2023-09-08 23:46:42,825 - distributed.worker.memory - WARNING - Unmanaged memory use is high. This may indicate a memory leak or the memory may not be released to the OS; see https://distrib
uted.dask.org/en/latest/worker-memory.html#memory-not-released-back-to-the-os for more information. -- Unmanaged memory: 23.81 GiB -- Worker memory limit: 25.18 GiB

I think that failed after about 12 hours.

This is the code:

   sgkit.io.vcf.vcf_to_zarr(infile, outfile,
            temp_chunk_length=500,
            read_chunk_length=2000,
            chunk_length=10_000,
            tempdir="tmp/")

We must be doing something wrong here, this should be more robust...

@tomwhite
Copy link
Collaborator

I'm not sure if this is the problem you are hitting, but I would expect

read_chunk_length <= temp_chunk_length <= chunk_length

This is because read_chunk_length is the number of variants (VCF rows) to read from the VCF file, and it includes all samples and all fields, while temp_chunk_length is the (variant) chunk size of the intermediate Zarr store, which includes all samples but only the fields being written and is column-oriented so should be more compressible than VCF.

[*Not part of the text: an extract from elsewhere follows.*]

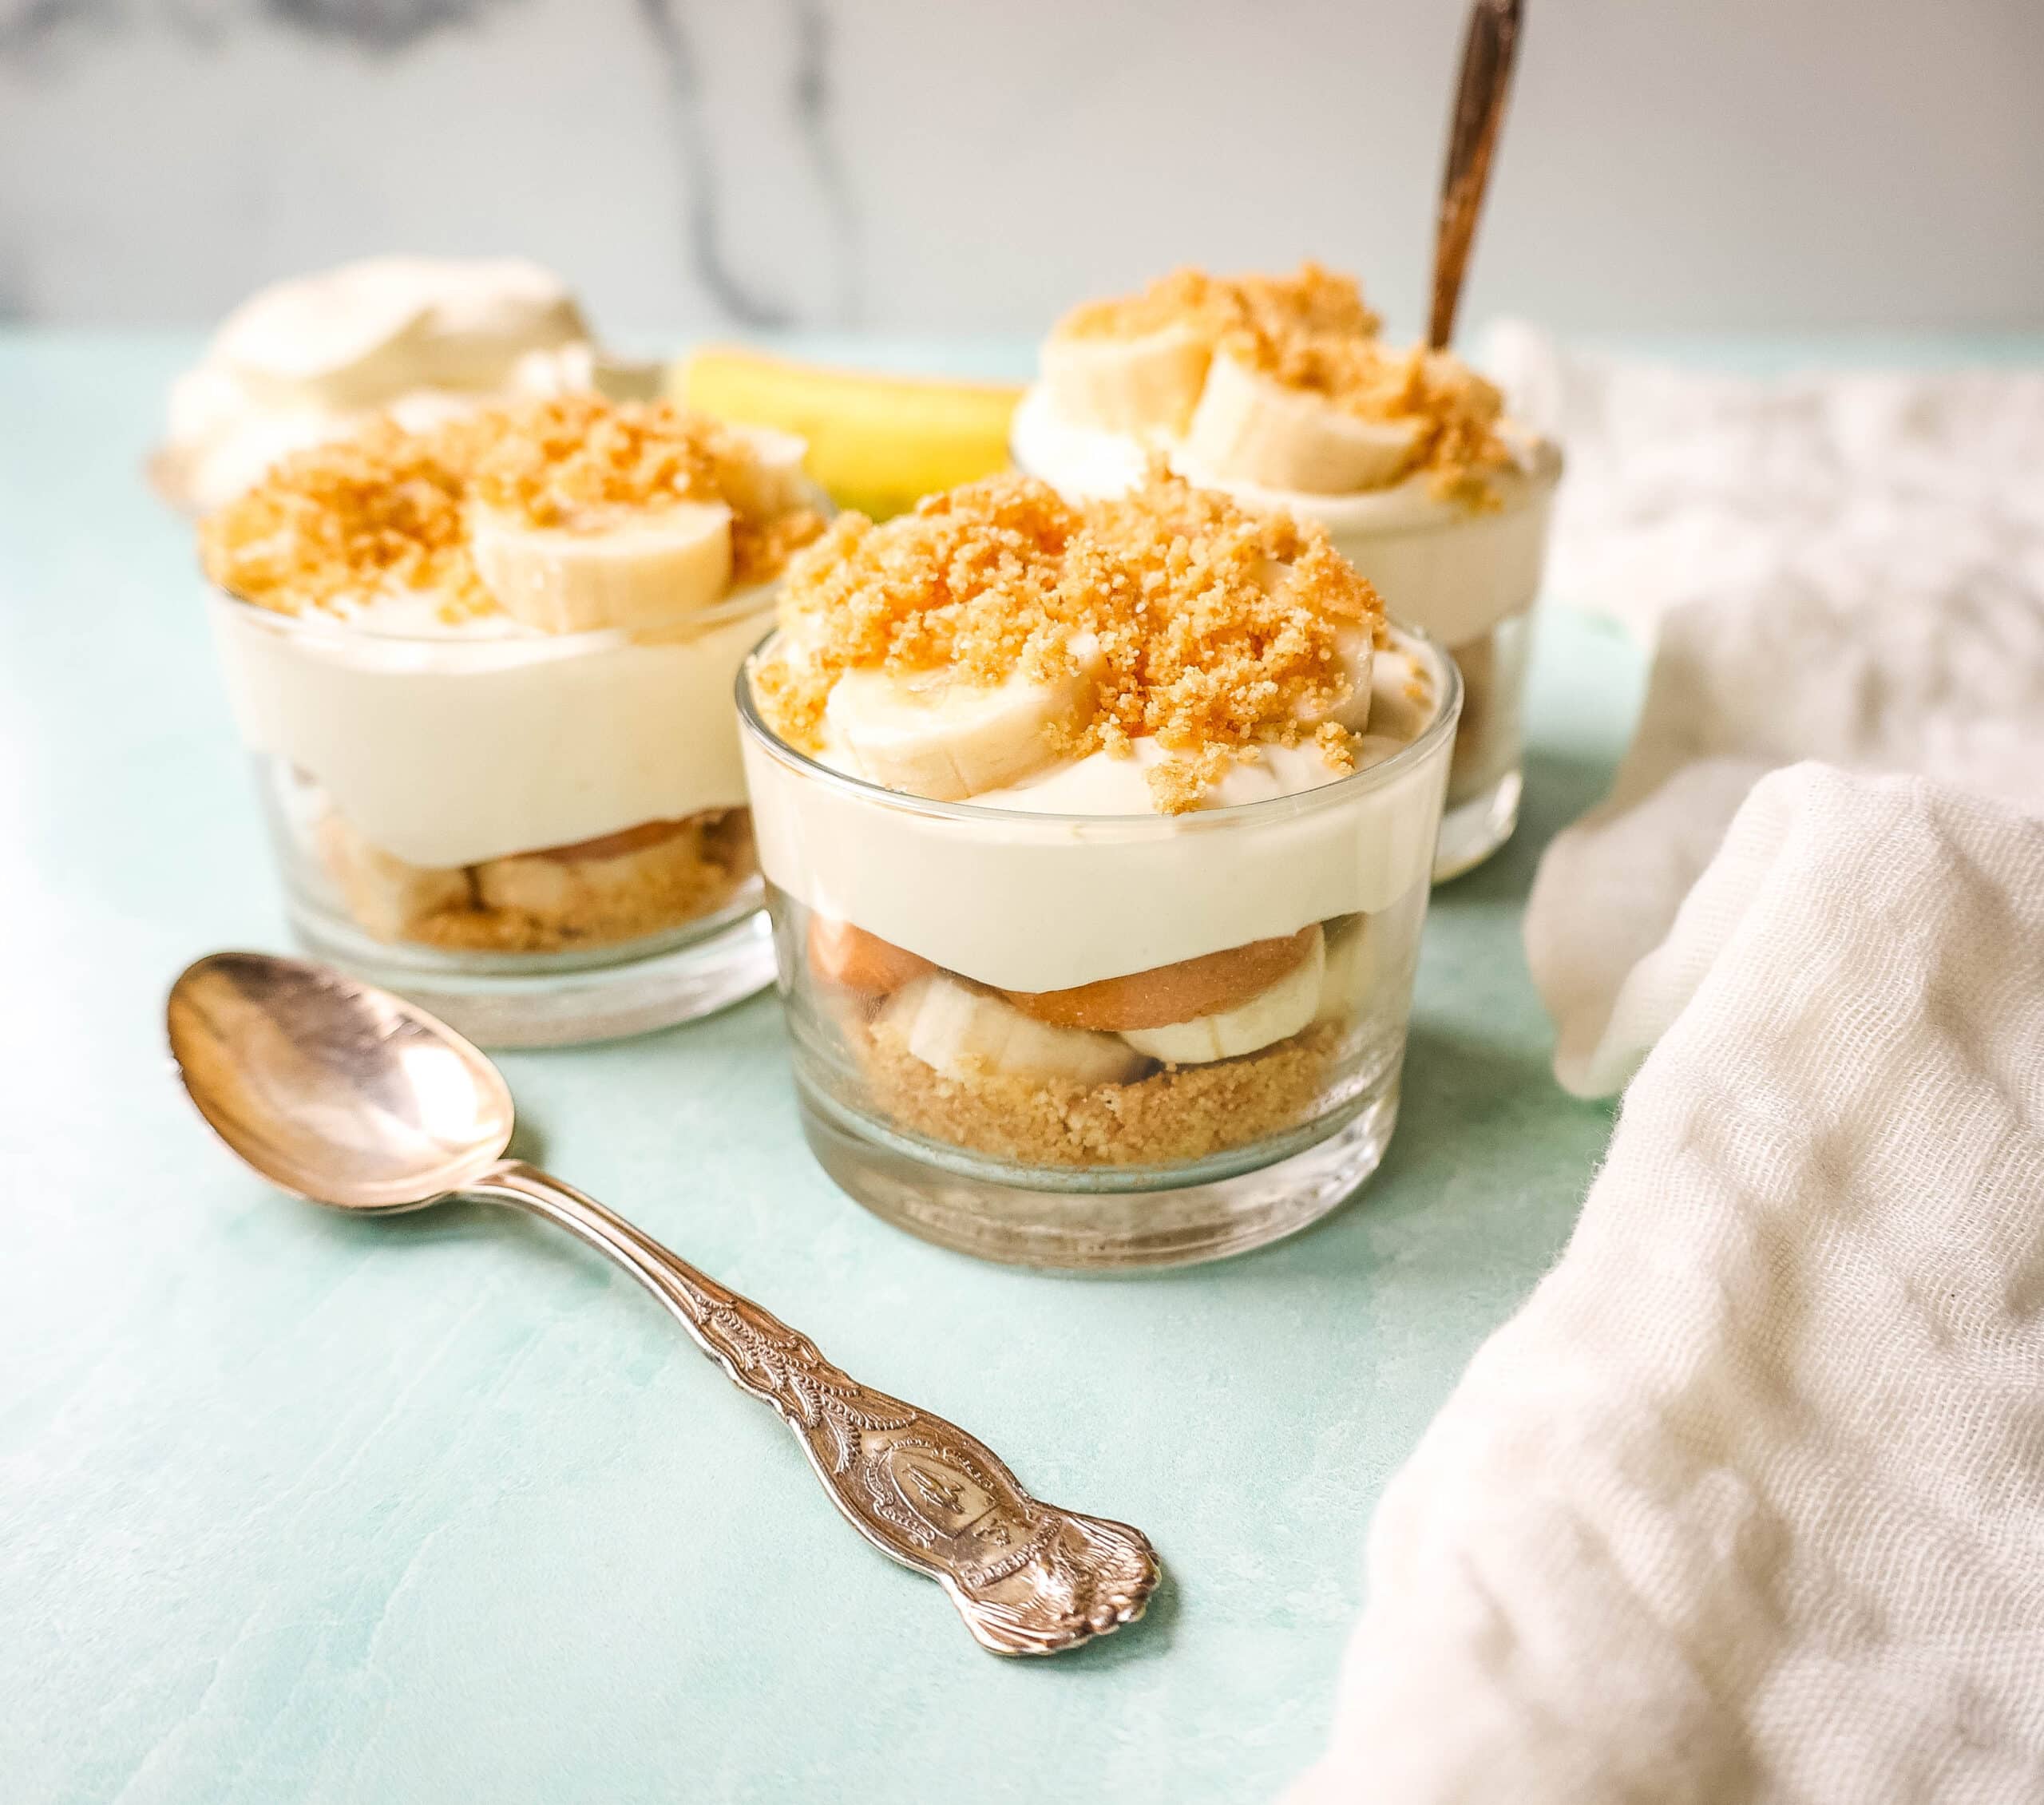 The Famous Magnolia Bakery Banana Pudding is the best banana pudding recipe ever! This iconic NYC Bakery is known for its banana pudding and I am sharing their famous banana pudding recipe with you!

Also chunk_length can be a lot bigger than temp_chunk_length since the sample chunking (chunk_width) is being taken into account at this point. You might want to increase that too (to 10,000?) - the default is 1000 which means you'll have 1000 chunks in the samples dimension, which is quite a lot.

@tomwhite
Copy link
Collaborator

Another thing that is useful when debugging is to break vcf_to_zarr into the two constituent operations vcf_to_zarrs (plural) and concat_zarrs as this can help identify where the problem is. See https://pystatgen.github.io/sgkit/latest/vcf.html#vcf-low-level-operation

Confusingly, chunk_length in vcf_to_zarrs is the same as temp_chunk_length in vcf_to_zarr!

@jeromekelleher
Copy link
Collaborator Author

After a discussion with @benjeffery, we tried this:

  sgkit.io.vcf.vcf_to_zarr(infile,
            outfile,
            target_part_size="100MB",
            chunk_width=10_000,
            chunk_length=2000,
            temp_chunk_length=1000,
            read_chunk_length=500,
            tempdir="tmp/")

which seemed to be working OK for a few days. However, the memory usage seems to keep creeping up, and it looks like an error happened about 2/3 of the way through the vcf reading phase and it seems to have restarted the whole thing. (I see a few "erred" blocks when I look at the graph)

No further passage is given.